People outside of engineering are often surprised that a medical degree is useful in software. People inside engineering are less surprised, because they recognise that software development isn't primarily about writing code. It's about understanding problems, diagnosing failures, communicating clearly, and making decisions with incomplete information.

I didn't bring these skills from medicine into engineering as a career switcher. I was developing them in parallel. The clinical training shaped my debugging approach while I was actively shipping production code. The documentation discipline from medical records bled into my pull request descriptions in real-time, not in retrospect. I was doing ward rounds in the morning and code reviews in the evening for years.

But the most valuable thing from medicine isn't a transferable skill. It's a perspective. Knowing what it feels like to have someone's wellbeing depend on your competence changes how you think about reliability. I don't ship code that isn't ready because I've been in situations where "not ready" had consequences that no post-mortem could fix.

What stays the same

Eight years in, the fundamentals haven't changed. Read the code before you change it. Write tests before the code becomes critical. Test migrations at scale. Ship when the edge cases are handled, not when the happy path works. Understand the system before proposing improvements.

These aren't novel insights. They're the same things experienced engineers have been saying for decades. The difference between knowing them and believing them is the cost of learning them the hard way. I have paid that cost on all of them.

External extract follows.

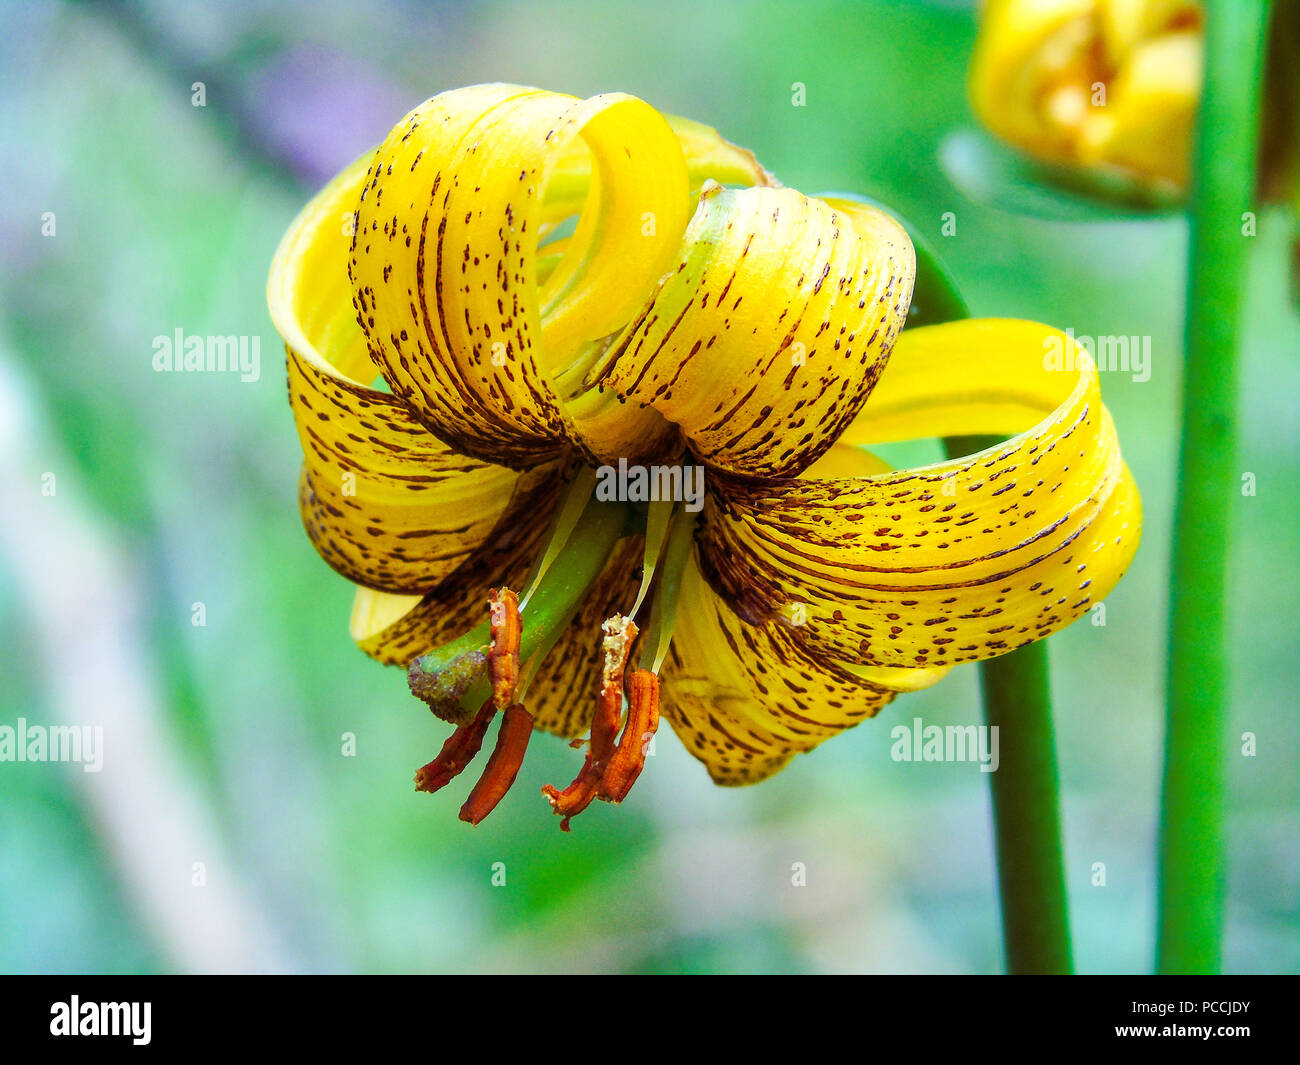 Lilium bosniacum is a lily native to Bosnia and Herzegovina. It's also known as golden lily and Bosnian lily. Stock Photo

If I could go back, I wouldn't change the path. The mistakes were expensive but instructive. The career has been built not on avoiding errors but on extracting everything useful from each one and making different mistakes next time.

RESPONSES

David OkonkwoDec 14, 2025

The schema migration story is something that should be required reading for every junior engineer who says "we don't need a staging environment." Thank you for writing it this honestly.

Chloe DurandDec 22, 2025

The note about reading the codebase before proposing changes — I've worked with engineers who skip this and it's always obvious. Worth saying plainly.